The gay euphoric delirium of the 1970s was replaced by the sobering crisis of the 1980s. But AIDS, which had the potential to destroy the gay liberation movement, in fact brought the community closer than ever before. It created new solidarities — between gay men and lesbians, between the sick and the healthy, between those who had been politically active and those who had never been before. It produced ACT UP, Shanti, Project Open Hand, the Coming Home Hospice, the Quilt. It produced a generation of activists who had learned, at catastrophic cost, that silence equals death.
What the Collages Hold
What Behan’s collages hold is the whole of it — the joy and the danger, the sunlight and the reckoning. The bodies in motion on the California rocks and beaches, caught in the specific golden-orange light of Higgins’s films. The Aquarian moon witnessing. Jupiter 3 hovering. The central figure in his chair, shirt still on, the California sun behind him, looking sideways at something just outside the frame, confident, relaxed, unafraid, happy in his own self.

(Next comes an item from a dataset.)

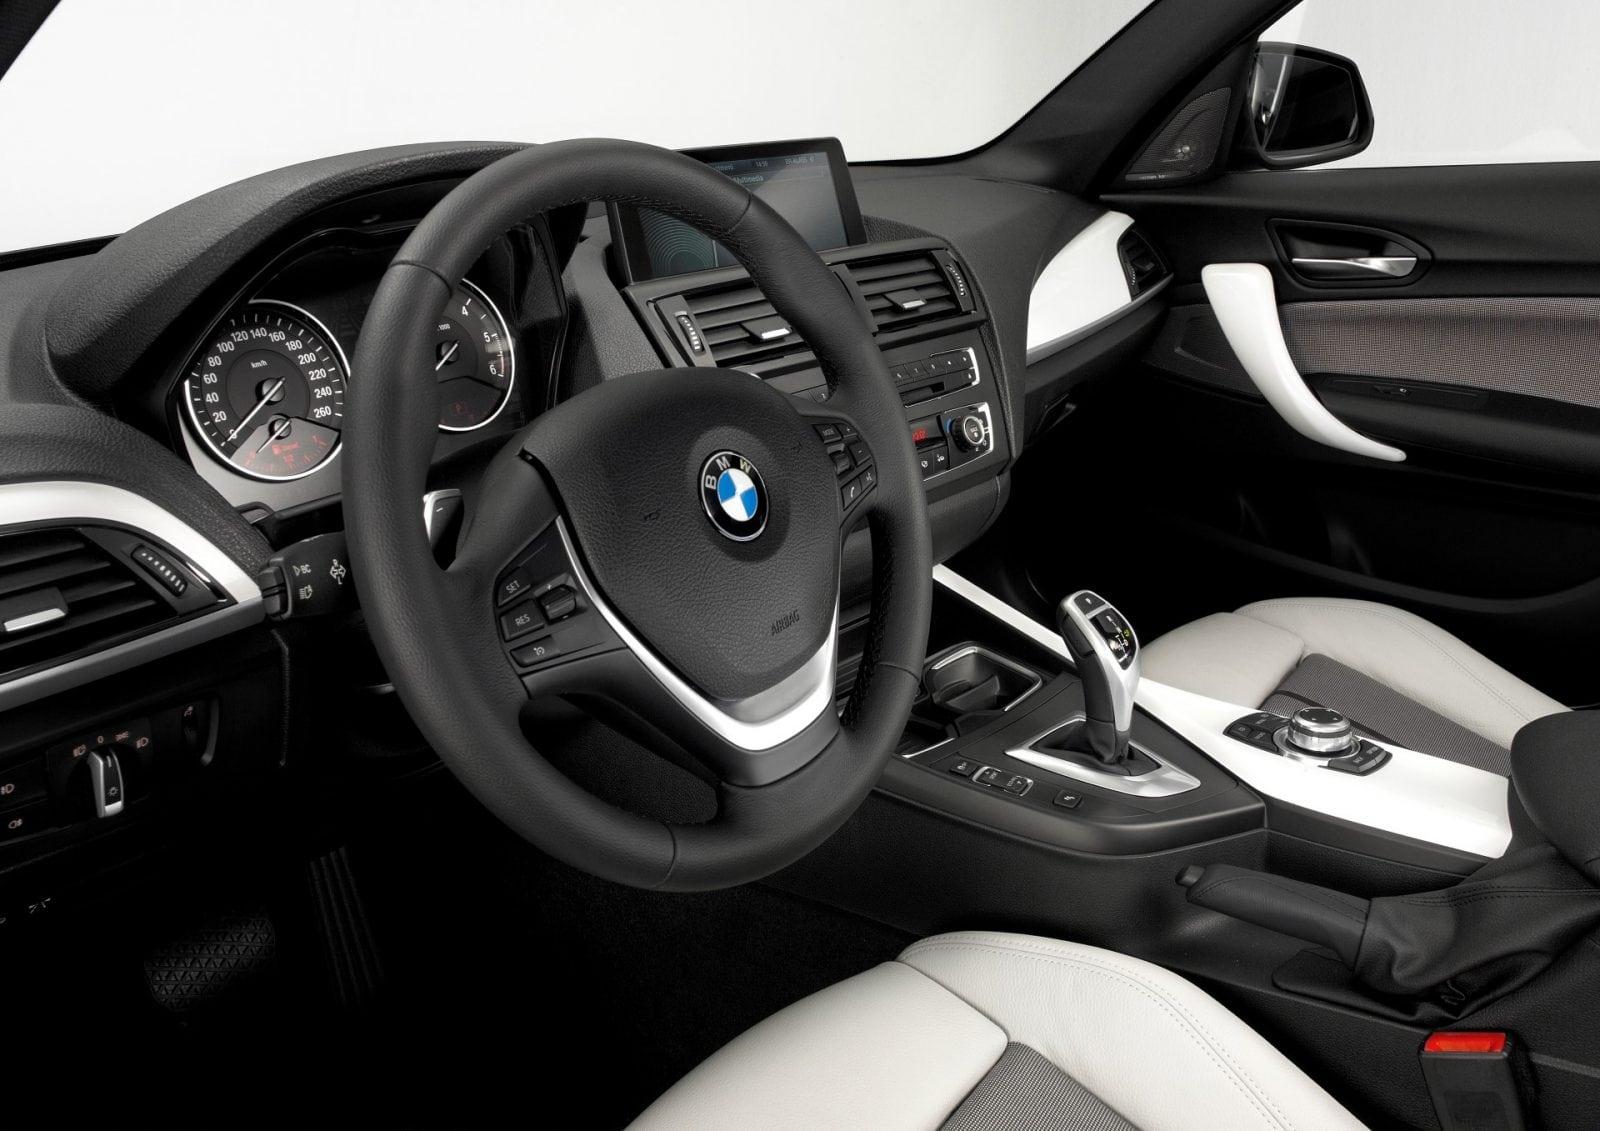 BMW 1 Series F20 Urban Line 2011 Interior

The era the films document was real. The men in them were real. The freedom they were experiencing — briefly, fiercely, in full California light — was real. And what ended it was not nature. It was not God’s judgment. It was a government that decided, for reasons of ideology and political convenience and moral cowardice, that some Americans were not worth saving.
And so we return to where we began.
At a legal and cultural level, gay adult film is neither sinful nor immoral. Homosexuality is neither sinful nor immoral. These are not opinions. They are the settled conclusion of every major medical, psychiatric, and legal institution in the developed world. The view that they are sinful belongs to a minority religious tradition and should remain there — contained within its own walls, practiced among its own faithful, and stripped entirely of its ambition to govern the lives of people who do not share its faith. When that ambition escapes those walls and enters the legal system, the school system, the hospital, the family — when it is permitted to determine who receives care and who does not, who is protected and who is expendable — it ceases to be religion. It becomes a hate group with a tax exemption.
This essay is about a people being oppressed by an intolerant minority. The California sun is still there. The freedom is still worth fighting for. And it is time to stop.
The Closet Series has been watching. The Aquarian moon knows. Jupiter 3 was never lost in space. — Behan.